Even though you didn't have that hamster for very long, you gave him great care, a lot of love and a good home the last couple months of his life. I believe that animals know when they are loved, even our fisy friends.


----------



## fishyinpa (Dec 25, 2008)

Yup!


----------



## yamahog3187 (Jul 12, 2008)

I keep 1 male betta and 2 females in my community tank. There are also guppies, tetras, swords, hatchet fish, cats, ETC. Almost any NON - AGGRESSIVE fish can be kept with them as long as they arn't nippy! (Tiger Barbs are nippy!) Watch the females as they can be touchy when more then one are kept in the same tank. If they get aggressive with each other, seperate them.
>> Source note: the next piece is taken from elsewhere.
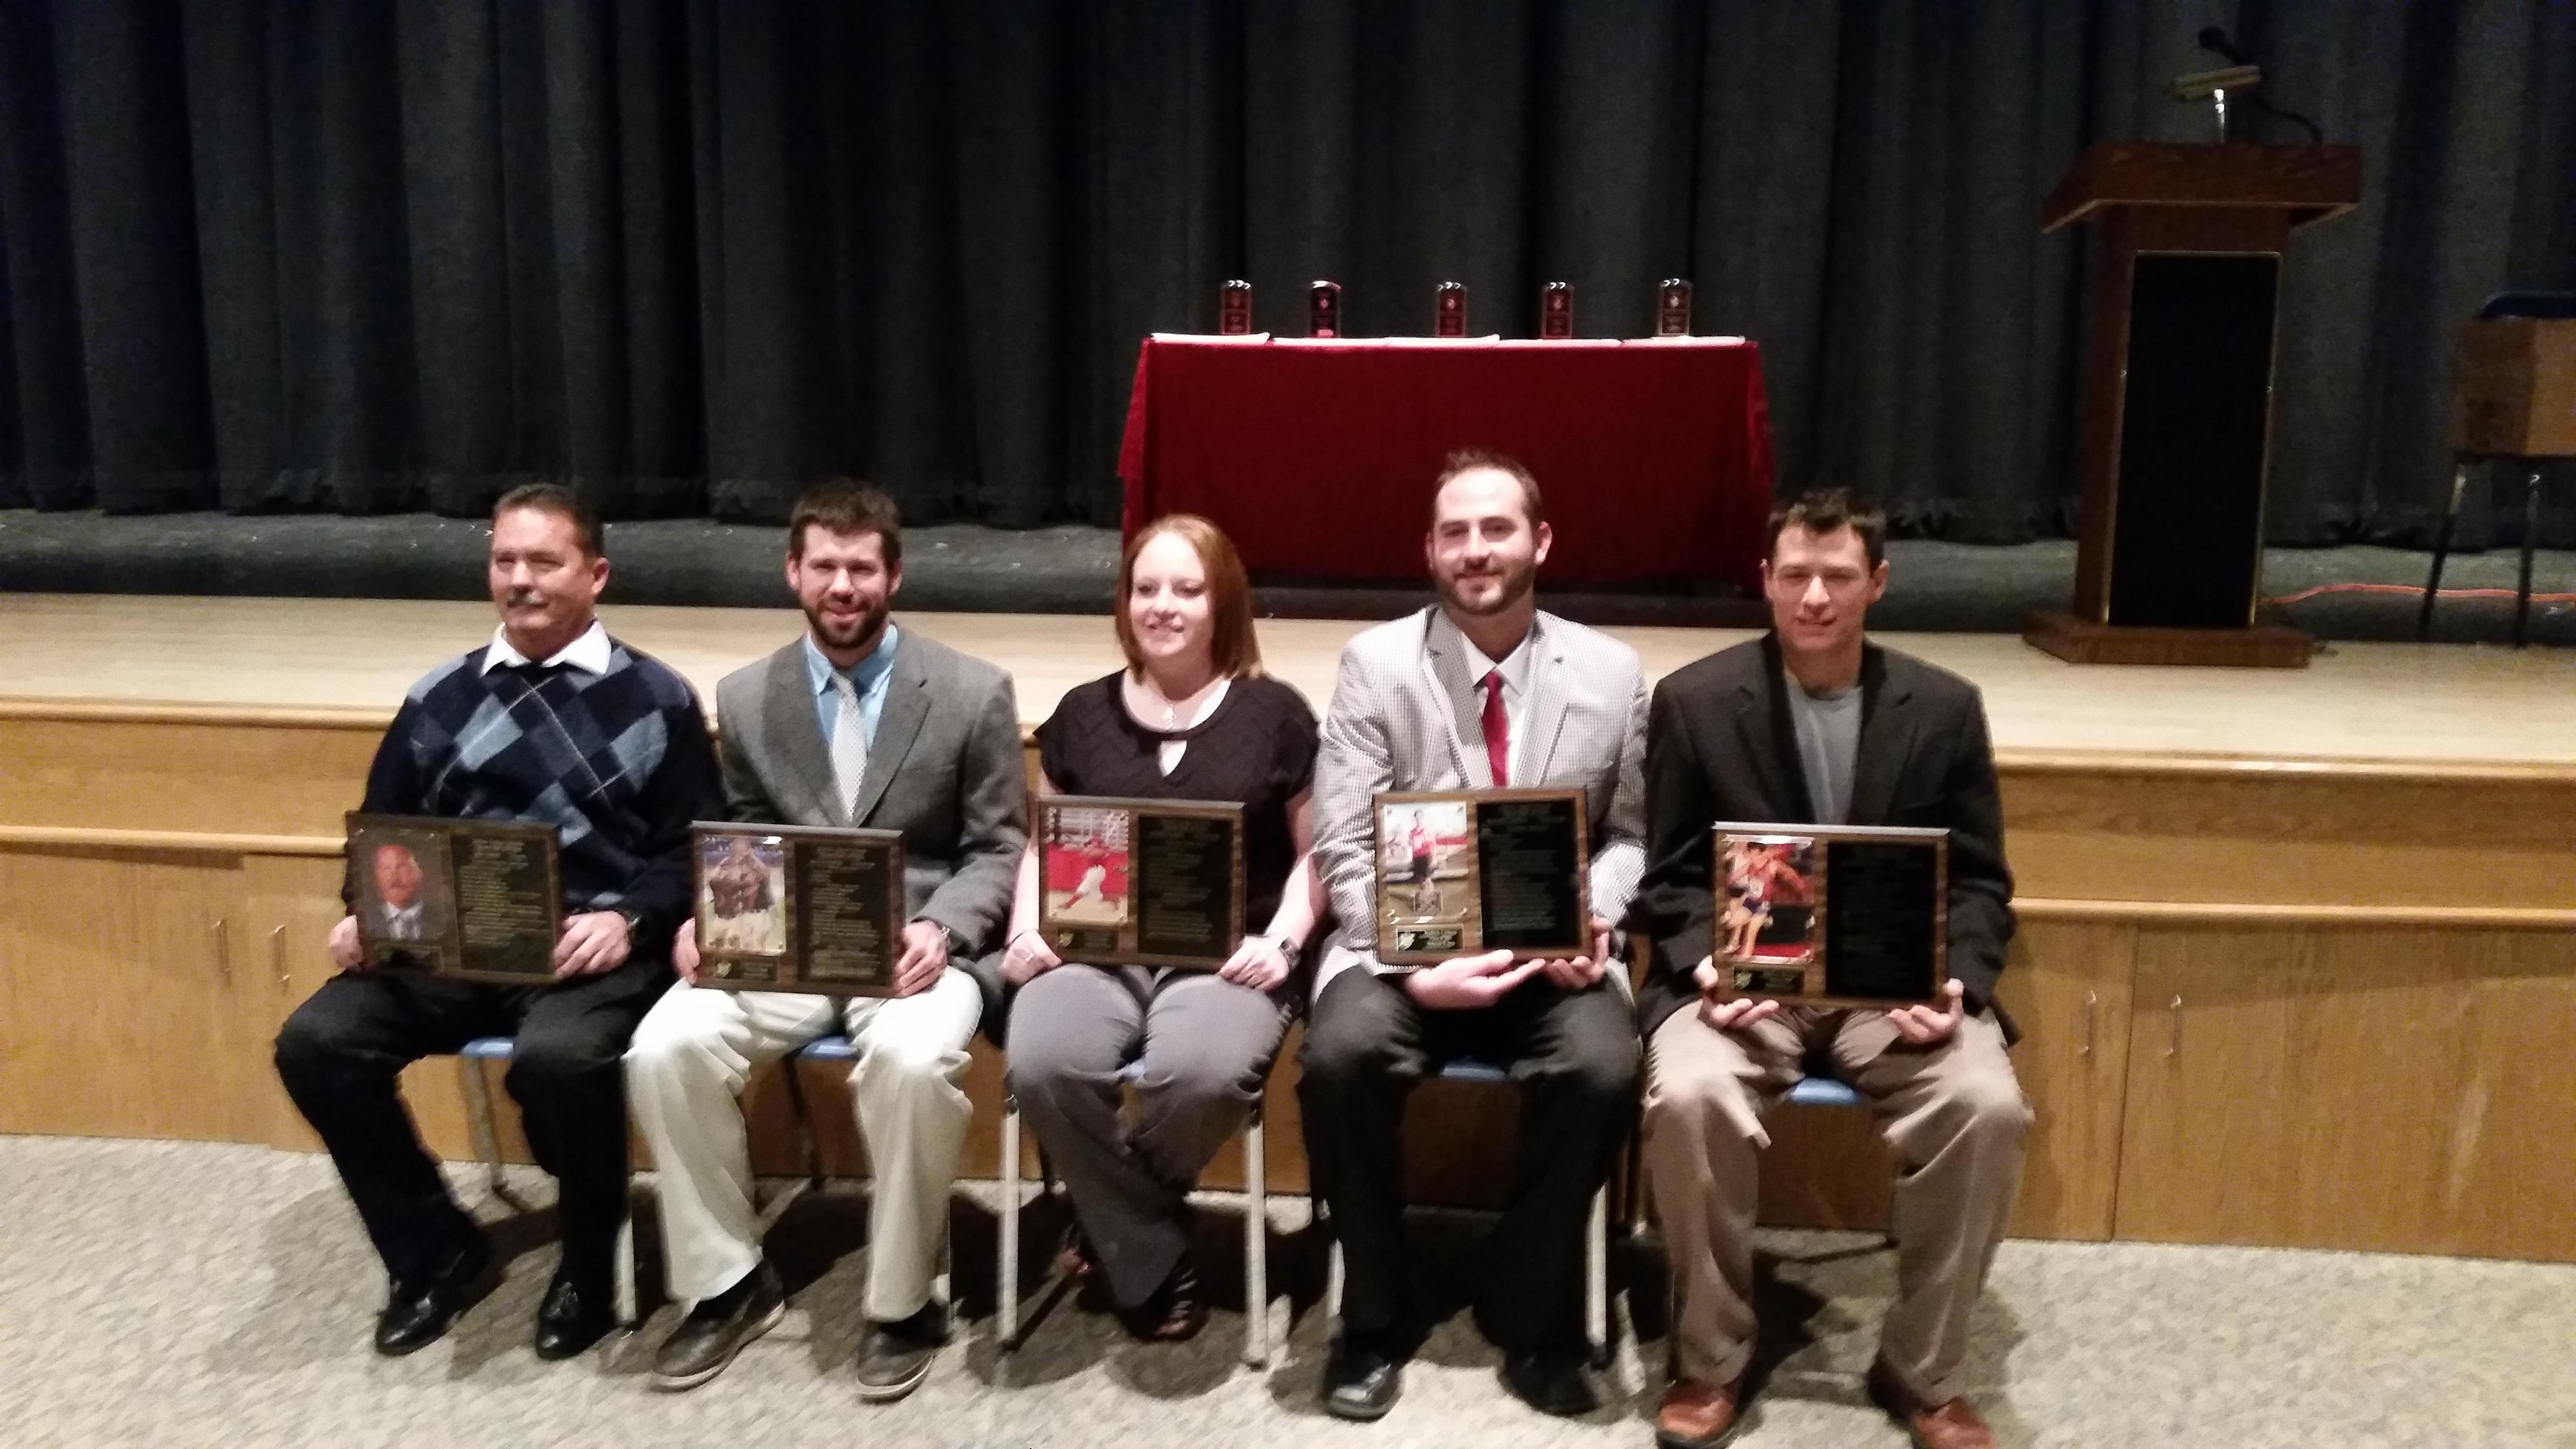 Inducted into the Hilton CSD 2014 Athletic Hall of Fame are: (l-r) John Feeney, gymnastics coach; Jonathan Schwind, 2008; Rachel Clonick, 2006; Matthew Cushman, 2001; and Matthew Blodgett, 1995.
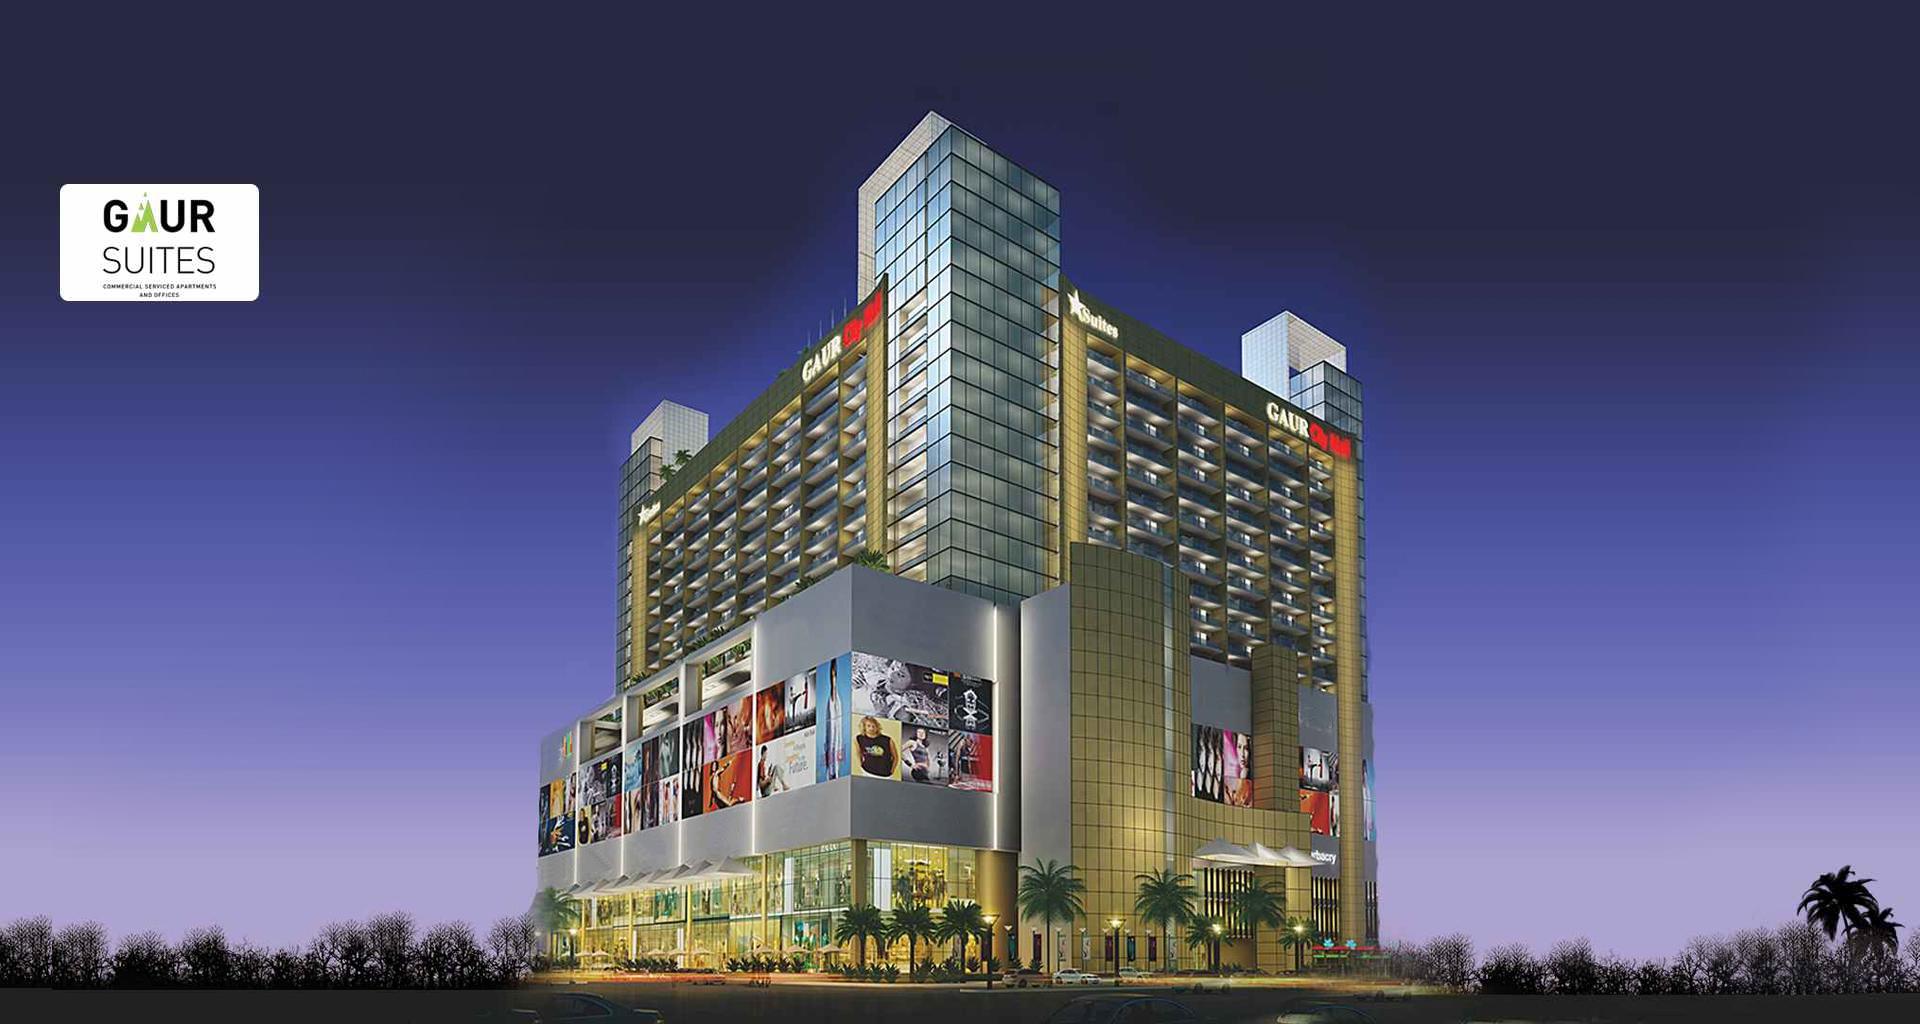 gaur city-suites

I have found that the females don't do too bad when they were raised with other females, but if they are used to being seperated, THEY WILL FIGHT!! I have three females that have to be kept seperated or they will try to kill each other!! The rest of them think they are one big happy family!!!


----------



## veganchick (Jan 10, 2009)

so you ended up getting the cories!!! pandas are awesome! where did u find them?


----------



## fishyinpa (Dec 25, 2008)

Lol i posted over in the catfish forum. But i ended up going to an fish place down in philly.


----------



## jokerman43 (Feb 8, 2009)

I had a Cory and a Frog in with my Male Betta, and they all did well.


----------